Thanks James, that makes total sense. I'd have spotted that if I hadn't copied the complete URL from the forwarding 'Location' in the error when testing with curl.

WRT :: in urls, I was following a subsection of the biobambam2 readme which indicates double colon. I'd tried without and with. Now I'm using https I can see that I have to use :: otherwise I get:

CURL ERROR: Couldn't resolve host 'https'

Sadly using https I now get:

$ REF_PATH='URL=https:://www.ebi.ac.uk/ena/cram/md5/%s' ...
CURL ERROR: server certificate verification failed.
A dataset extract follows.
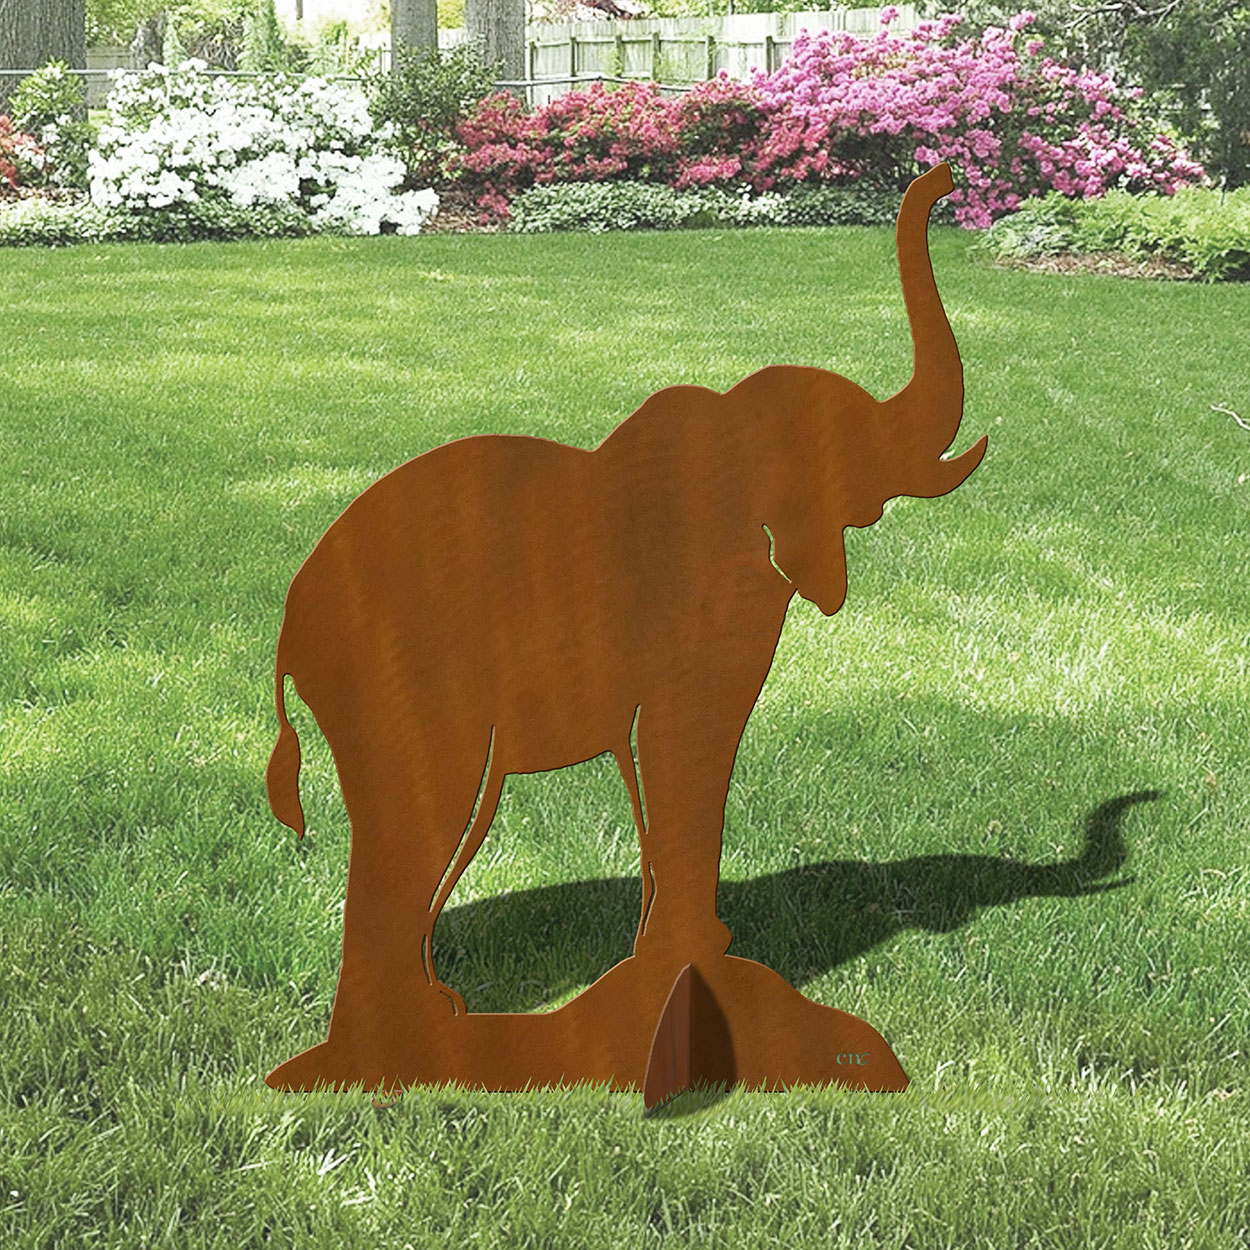 603226 - 36in H Elephant Large Metal Lawn Ornament in Rust Patina

CAfile: none CRLfile: none
...

Running a direct curl, I see these getting set:

$ curl -vi https://www.ebi.ac.uk/ena/cram/md5/1b22b98cdeb4a9304cb5d48026a85128 > /dev/null
* successfully set certificate verify locations:
*   CAfile: /etc/ssl/certs/ca-certificates.crt
  CApath: /etc/ssl/certs

Is this something you would expect?

(I hate proof point too, especially when it fails to reconstruct the URL)

jkbonfield commented 6 years ago

There were a number of problems to fix.

  1. Double colon was needed for https, but not http and ftp. I simply hadn't updated the exceptions.

  2. It didn't honour redirect (301). It now does.

  3. https requires a user-agent, or at least our proxy does.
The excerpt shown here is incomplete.